Dance Center of Columbia College Chicago Alum Vershawn Sanders-Ward Featured in Chicago Reader’s 2021 Fall Arts Preview

Dance Center of Columbia College Chicago alum and former faculty member Vershawn Sanders-Ward ’02, a graduate of Columbia College’s Dance BFA program, is featured in the Chicago Reader‘s 2021 Fall Arts Preview, published on September 15, 2021. The cover story by Irene Hsiao profiles Sanders-Ward and her dance troupe, Red Clay Dance Company, which – as previously reported in this blog – has opened its own home in the Woodlawn neighborhood on Chicago’s south side.

Vershawn Sanders-Ward

“Autonomy over a place to gather and create has always been central to the vision for Red Clay,” writes Hsiao. “Sanders-Ward first encountered Senegalese choreographer Germaine Acogny during her undergraduate studies at Columbia College. After graduating with an MFA in dance from NYU, Sanders-Ward continued her studies for three months at Acogny’s school in Toubab Dialaw, Senegal. Her experiences at the International Centre for Traditional and Contemporary African Dances, otherwise known as École des Sables, not only informed her choreographic voice but solidified her determination to build a company, and with it, a thriving community.”

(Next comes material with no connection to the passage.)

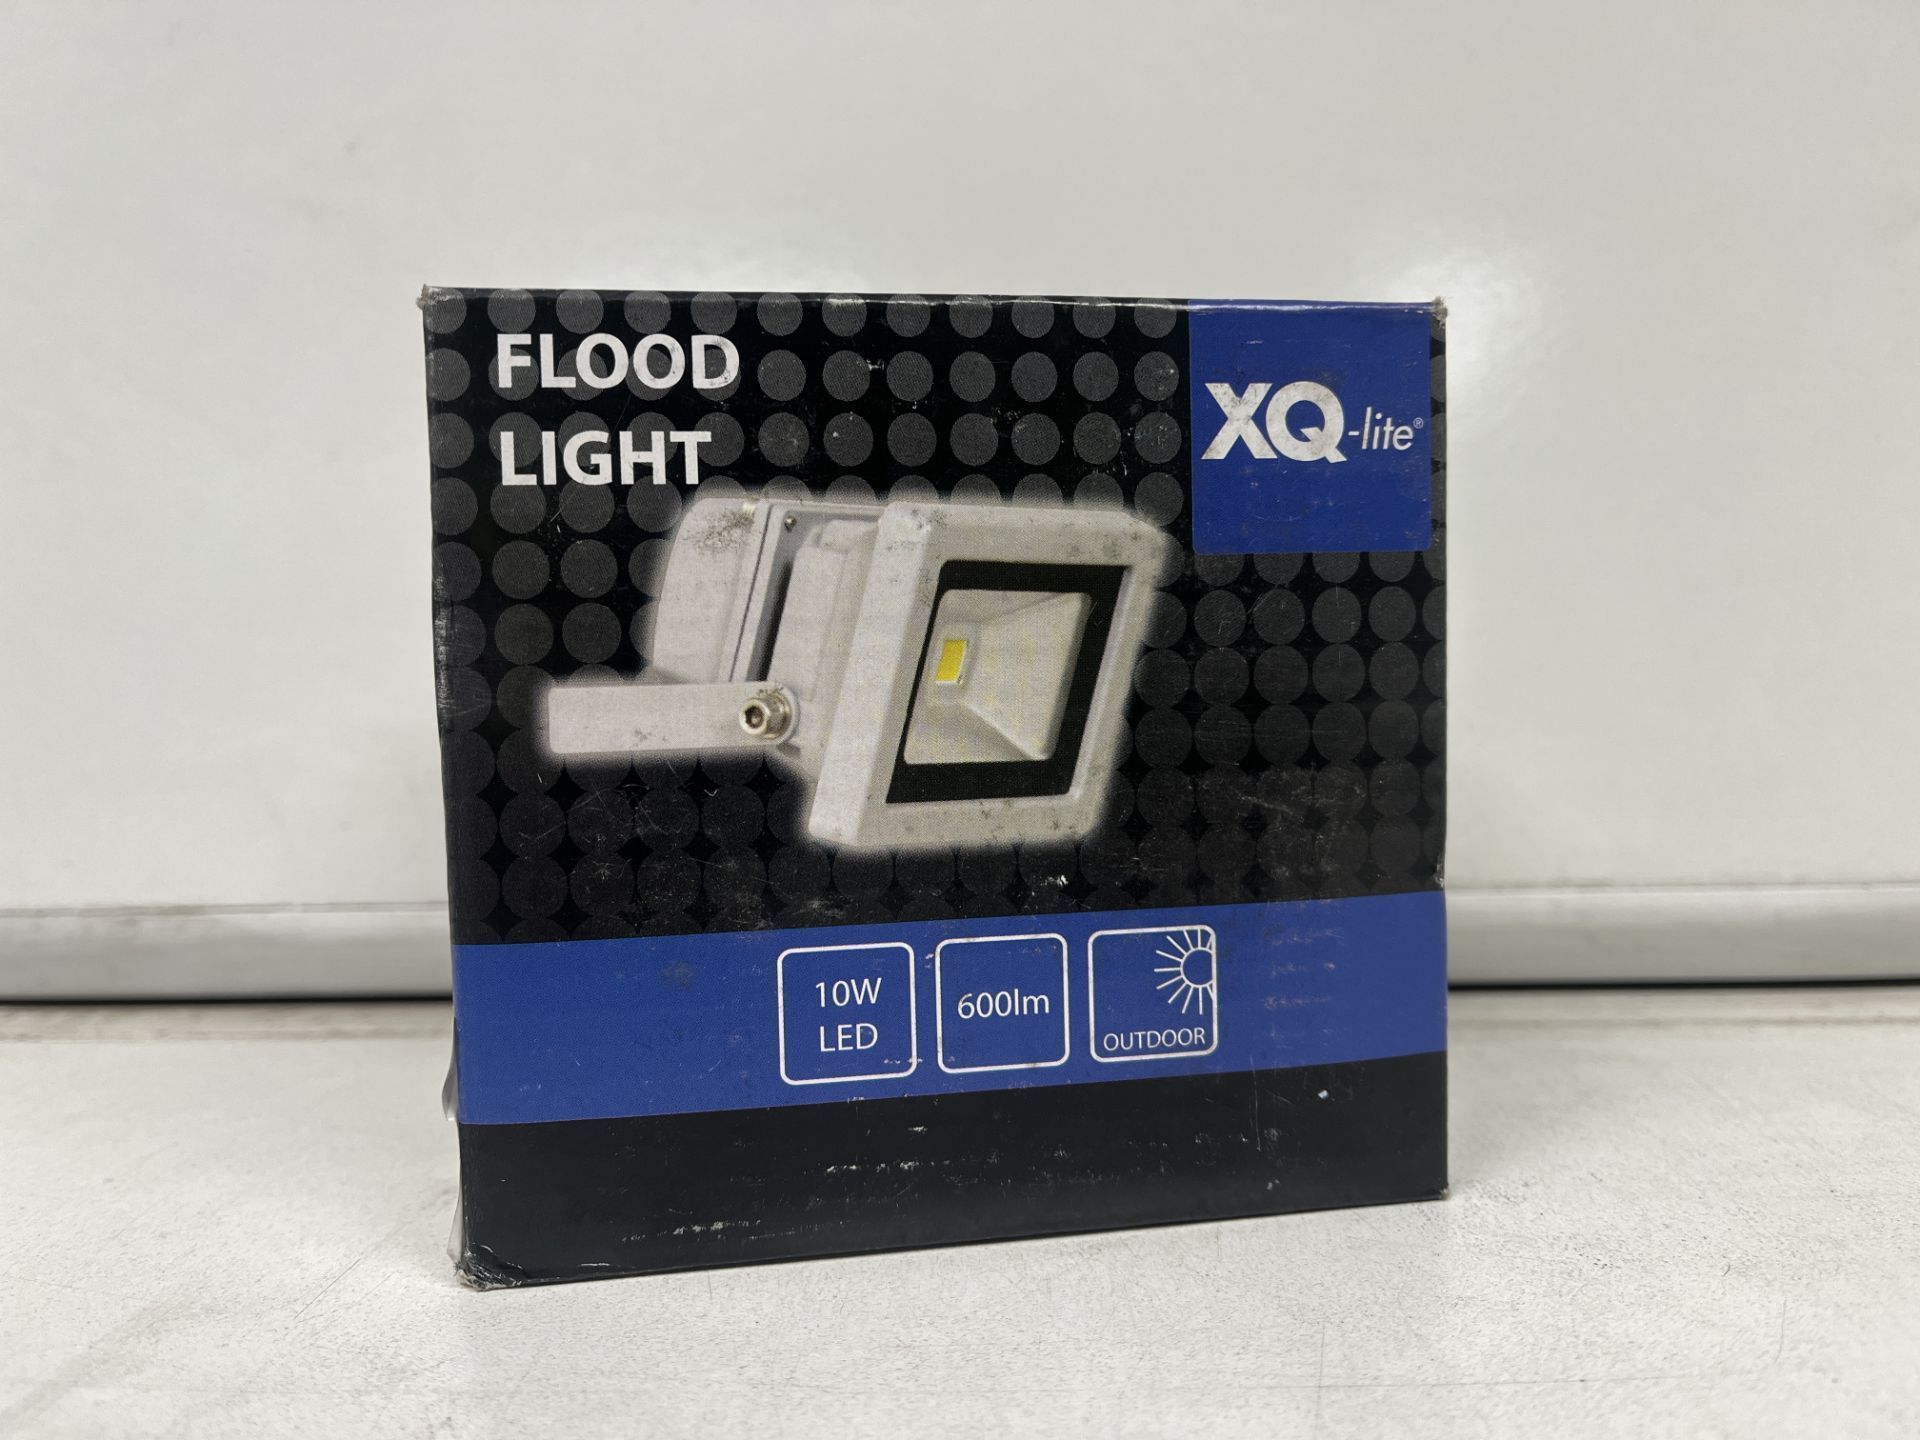 PALLET TO CONTAIN 60 X XQ-LITE MAINS POWERED COOL WHITE LED FLOODLIGHTS RRP £21 EACH R3.4

“That was the first moment I realized dance could be a driver economically for community,” Sanders-Ward says in the Reader interview. “Arts could infuse opportunity and dollars and tourism into a really small neighborhood and make it visible to the world.”

Vershawn Sanders-Ward

The Reader article also reports that Red Clay, a company with a mission of teaching and performing dances of the African diaspora to advance cultural and socioeconomic equality, has been working with another south-side organization, Urban Growers Collective, to develop new work on land practices and urban communities. “Urban Growers Collective is adamant about teaching communities about food: food injustice, food disparities, how do I cultivate my own food for myself?” Sanders-Ward says. “We’re deepening our research into land practices and trying to translate that back to more urban communities. It feels like the time for us to go big and do something outside the theatre. For a project like this and how we’re trying to engage community, we need to take our time. No one’s rushing back into the theatre right now, so why not take our time? We need time to create.”